Datacenter Is The New Unit Of Compute, Open Networking Is How To Automate It

Content Sponsored By Nvidia

Datacenters have evolved from physical servers, to virtualized systems, and now to composable infrastructure where resources such as storage and persistent memory are disaggregated from the server. At the same time, processing has evolved from running only on CPUs to accelerated computing running on GPUs, DPUs, or FPGAs to handle data processing and networking tasks. The software development model has likewise evolved from programs that run on a single computer to distributed code that runs on the entire datacenter, implemented as cloud-native, containerized microservices.

In this new world, developers need a programmable datacenter fabric to assemble the diverse processor types and resources to compose the exact cloud compute platform needed for the task at hand.

The first age of datacenters was CPU-centric and static, running one application on one computer. Software ran on the CPU and programmers developed code that ran on just one computer. Since resource assignment was static and changing servers could take weeks or months, servers were usually overprovisioned and underutilized.

In the first era of datacenters, each application ran on one server, everything ran on software using the CPU, and nothing was accelerated.

In the second age of datacenters, virtualization became the norm with many VMs running on each server. Resources are somewhat dynamic, with VMs created on demand. When more CPUs, memory, or storage are needed, a workload can be migrated to a VM on a different server.

Processing is still performed primarily by CPUs, with only the occasional GPUs or FPGAs involved to accelerate specific tasks. Nearly everything still runs in software and application developers still mostly program to only CPUs on one computer at a time. Datacenters of the second era are still CPU-centric and only occasionally accelerated.

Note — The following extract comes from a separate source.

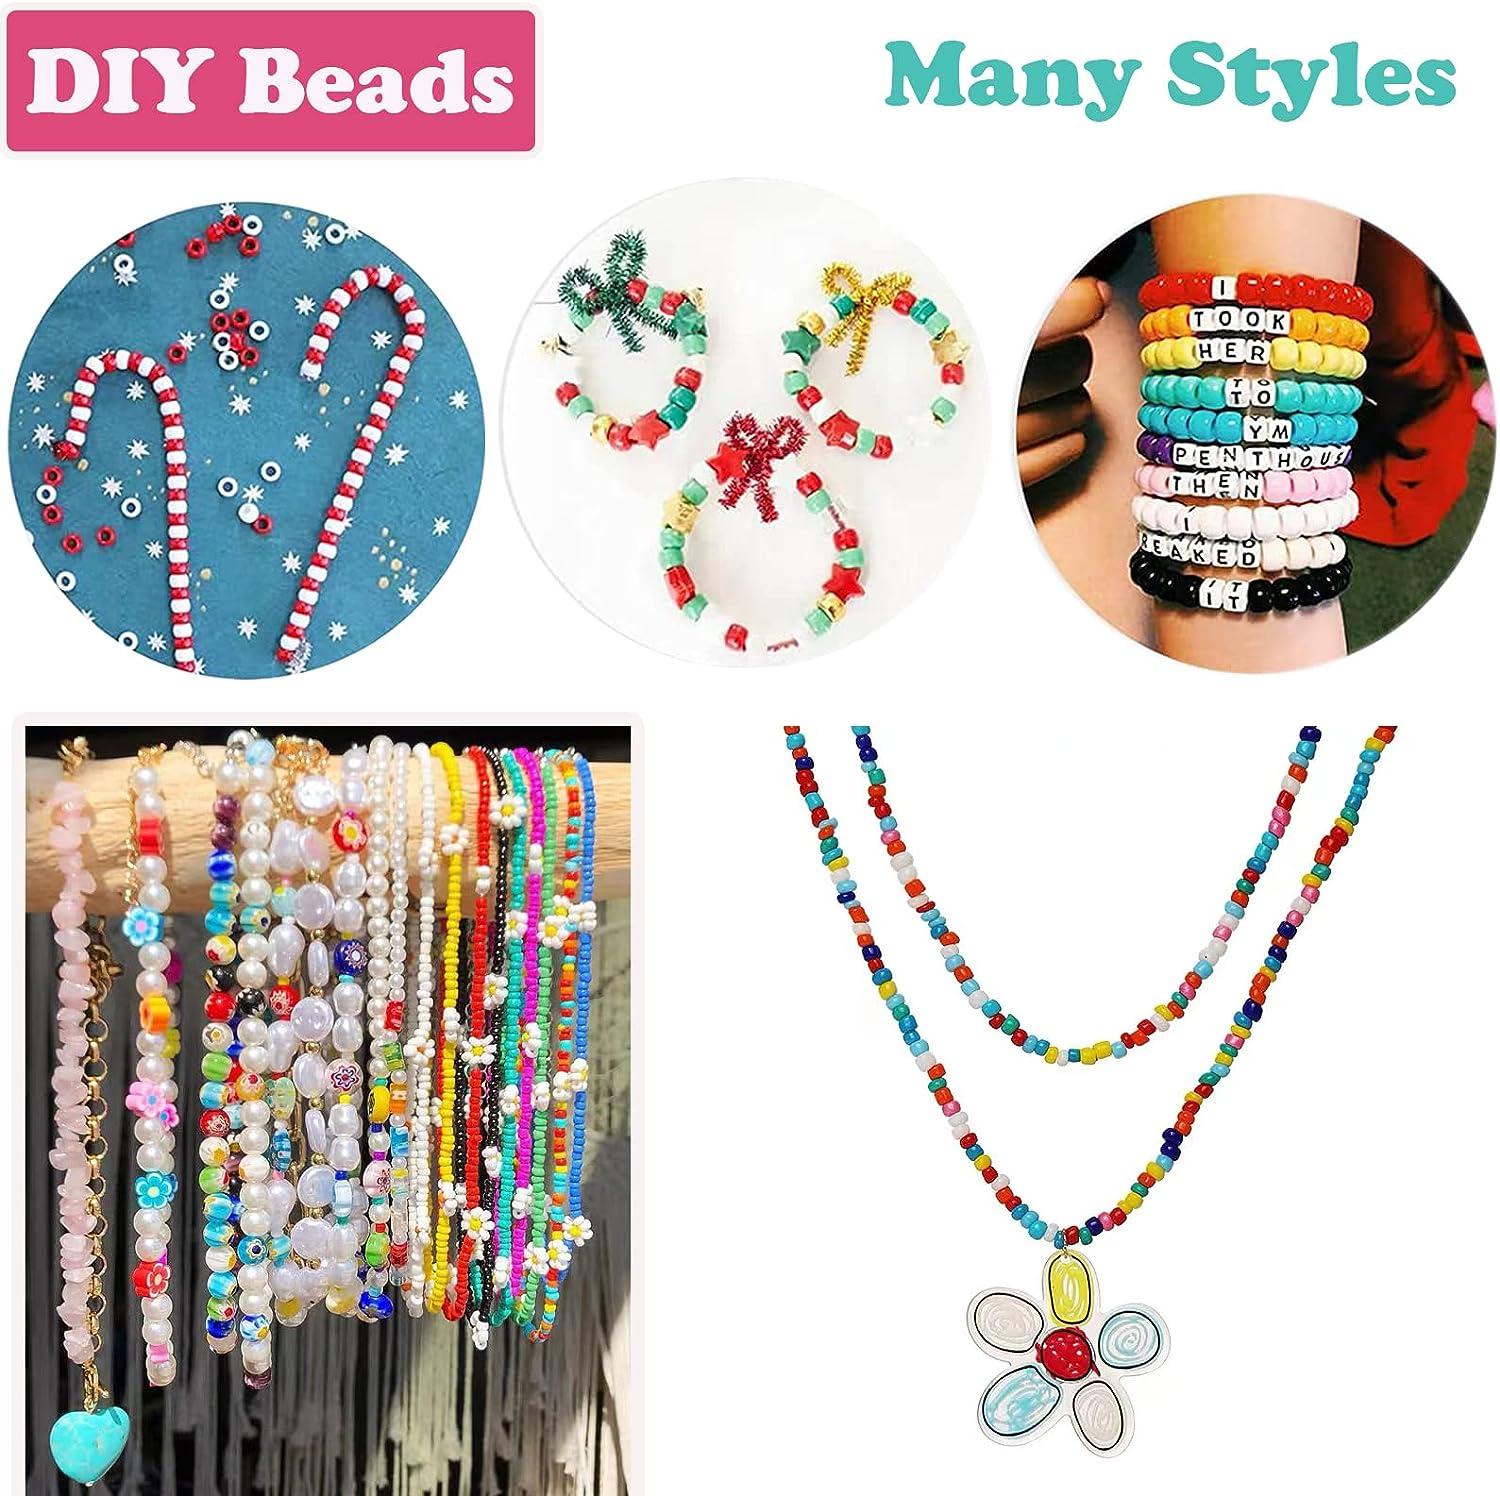 MontoSun Bead Bracelet Making Kit Pony Beads Polymer Clay Beads for  Bracelets Making Charms Beads Flower Smiley Letter Beads for Jewelry Making  DIY Art and Crafts Gifts for Girls age 4 5 6 7 8 9 10-12

In the second era, datacenters use virtualization and scale applications across multiple servers, but each server still uses local resources, nearly everything runs in software, and developers still program to one CPU.

The Datacenter Is The Computer

Today we are entering the third age of datacenters, which we call Accelerated Disaggregated Infrastructure, or ADI, built on composable infrastructure, microservices, and domain-specific processors.

Let’s talk about these important elements separately.

Accelerated: Different workloads are accelerated by different processors, according to whatever is optimal. CPUs run general purpose single-threaded workloads, GPUs run parallel processing workloads, and data processing units (DPUs) manage the processing and low-latency movement of data to keep the CPUs and GPUs fed efficiently with the data they need. For example, the CPUs might run databases, GPUs might handle artificial intelligence (AI) and video processing, while DPUs deliver the right data quickly, efficiently, and securely to where it’s needed.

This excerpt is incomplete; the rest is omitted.